[Dataset section — start]

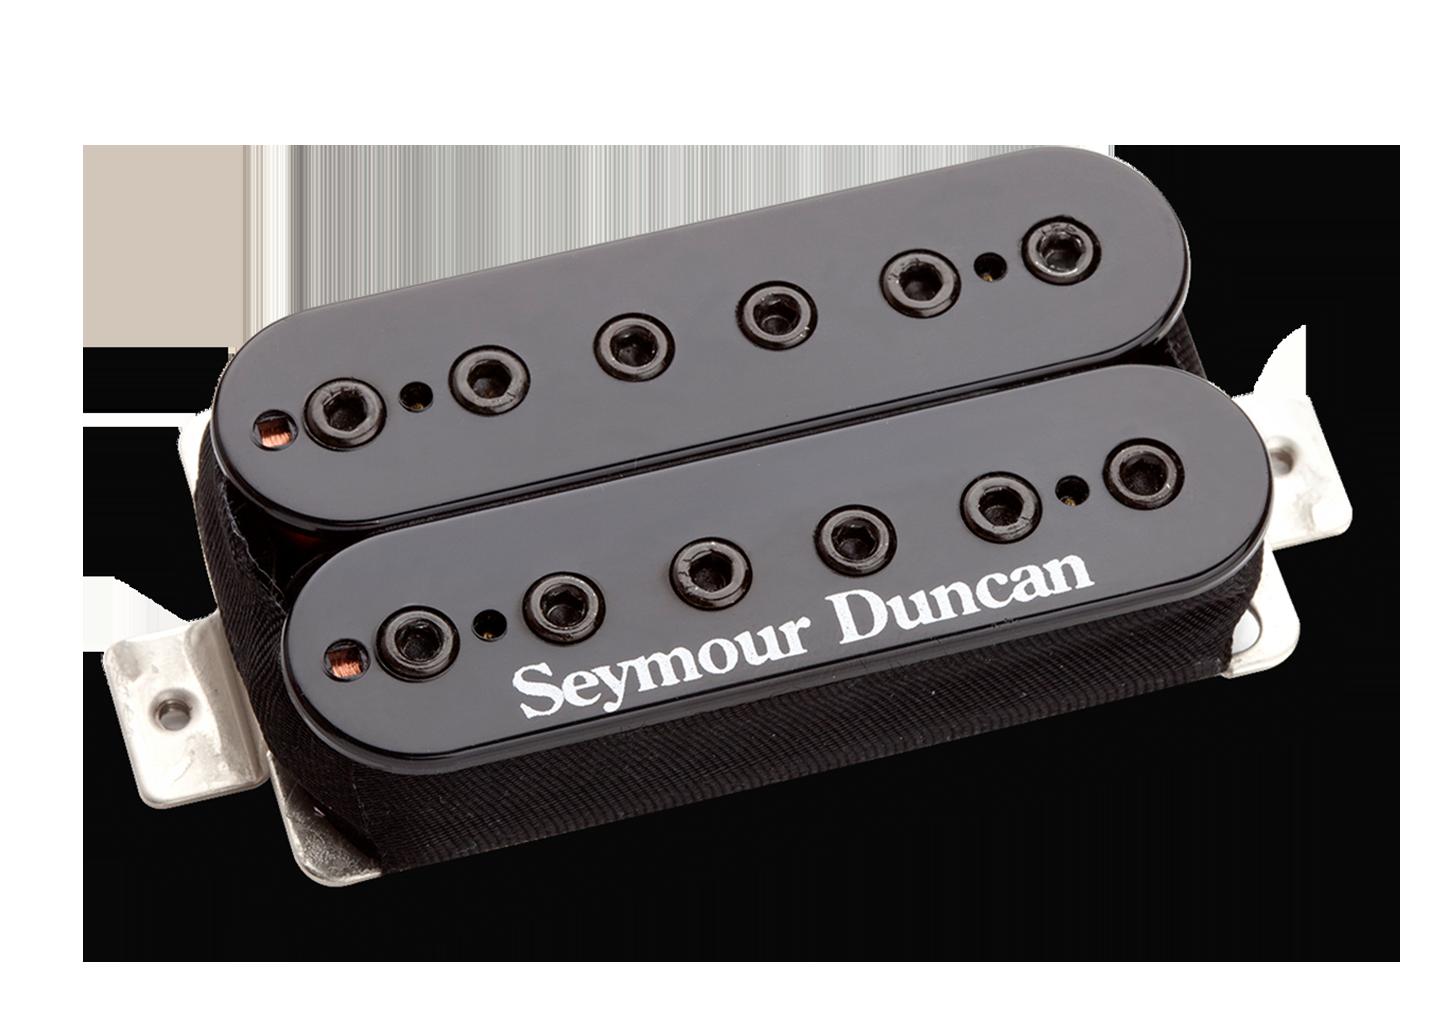 Seymour Duncan Full Shred Humbucker - SH-10B Bridge Black
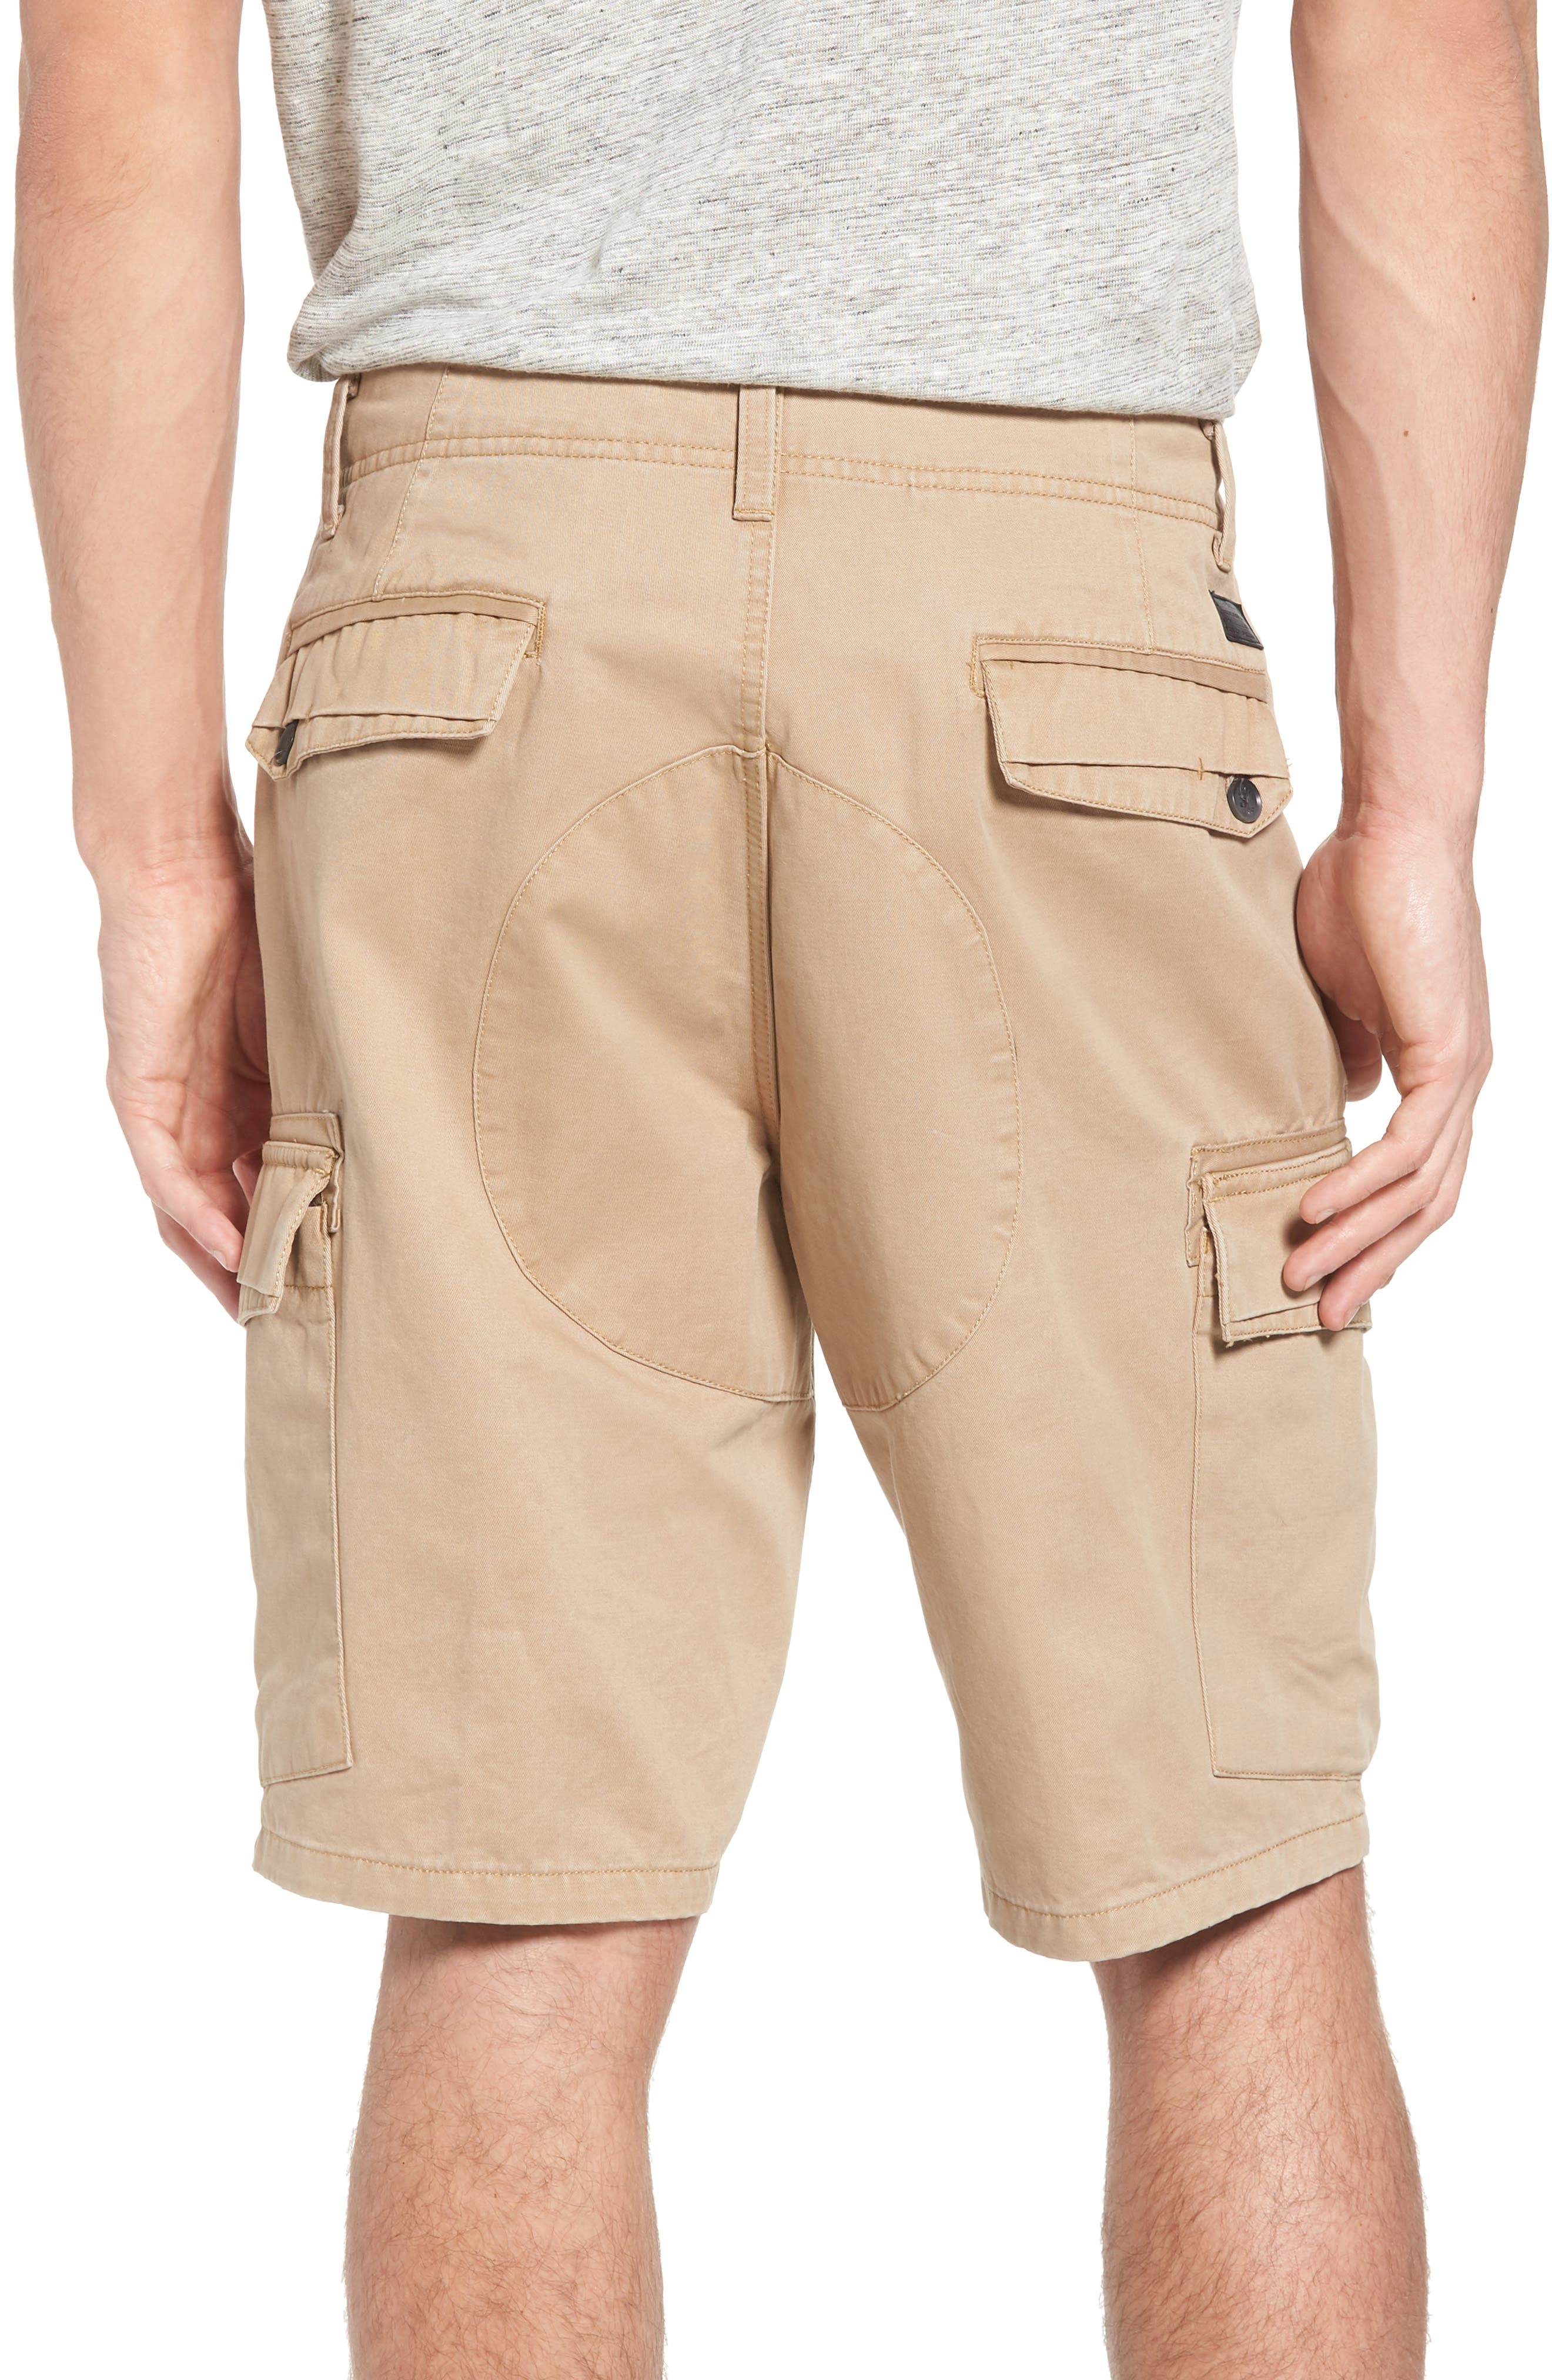 Campbell Cargo Shorts,                             Alternate thumbnail 2, color,                             Khaki
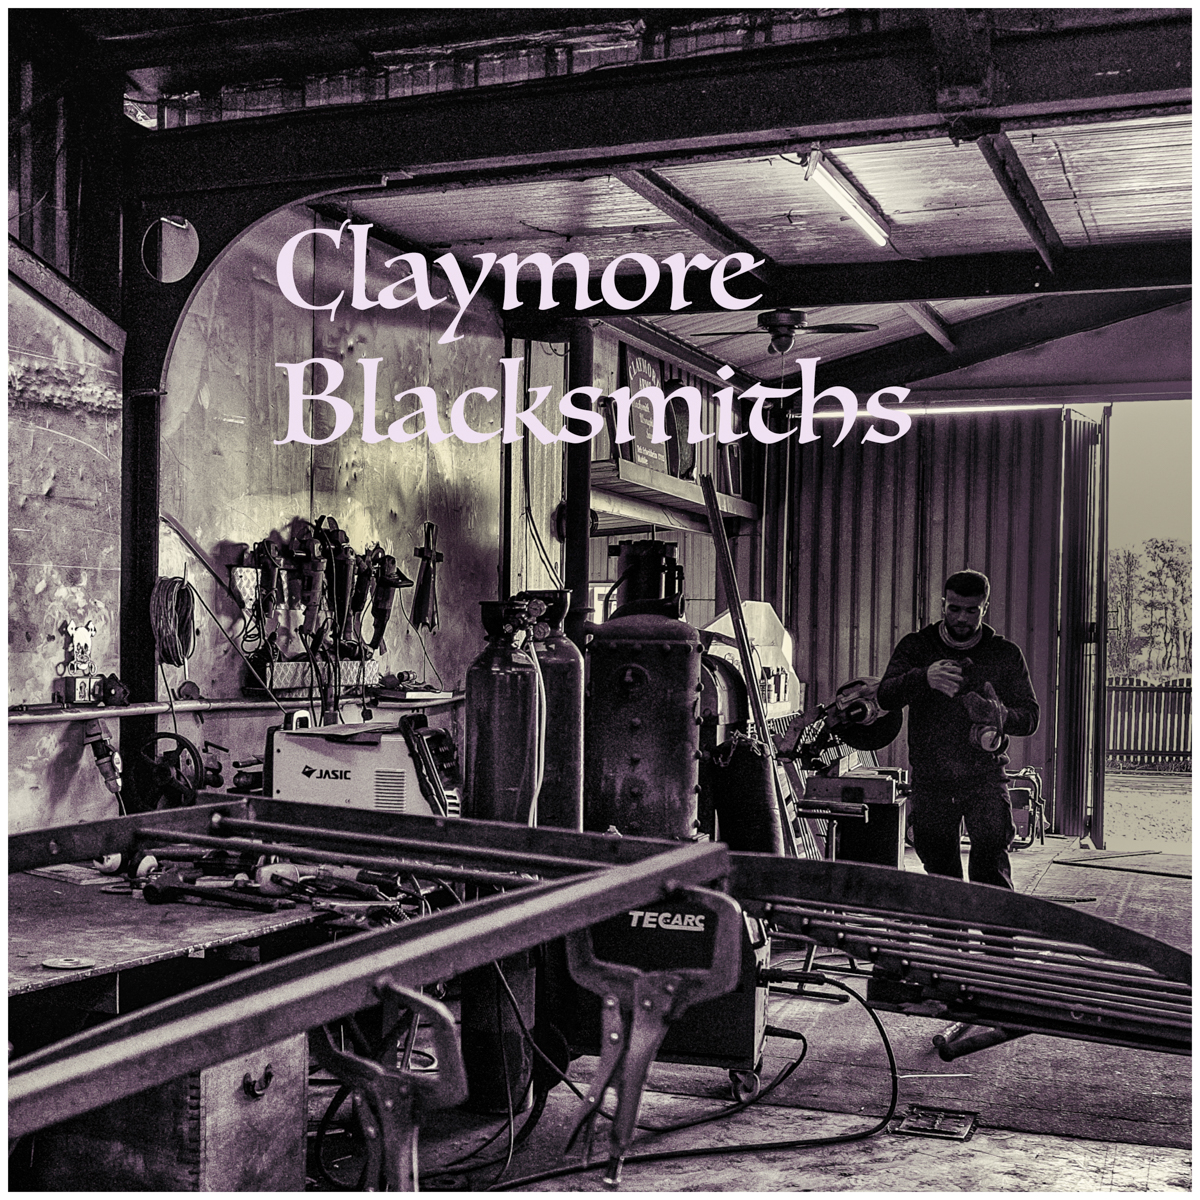 15-01 Claymore Blacksmiths title photo

[Dataset section — finish]

# [Your goal]
Could you give the material above again, exactly and without its pictures?

# [Solution]
 Seymour Duncan Full Shred Humbucker - SH-10B Bridge Black
 Campbell Cargo Shorts,                             Alternate thumbnail 2, color,                             Khaki
 15-01 Claymore Blacksmiths title photo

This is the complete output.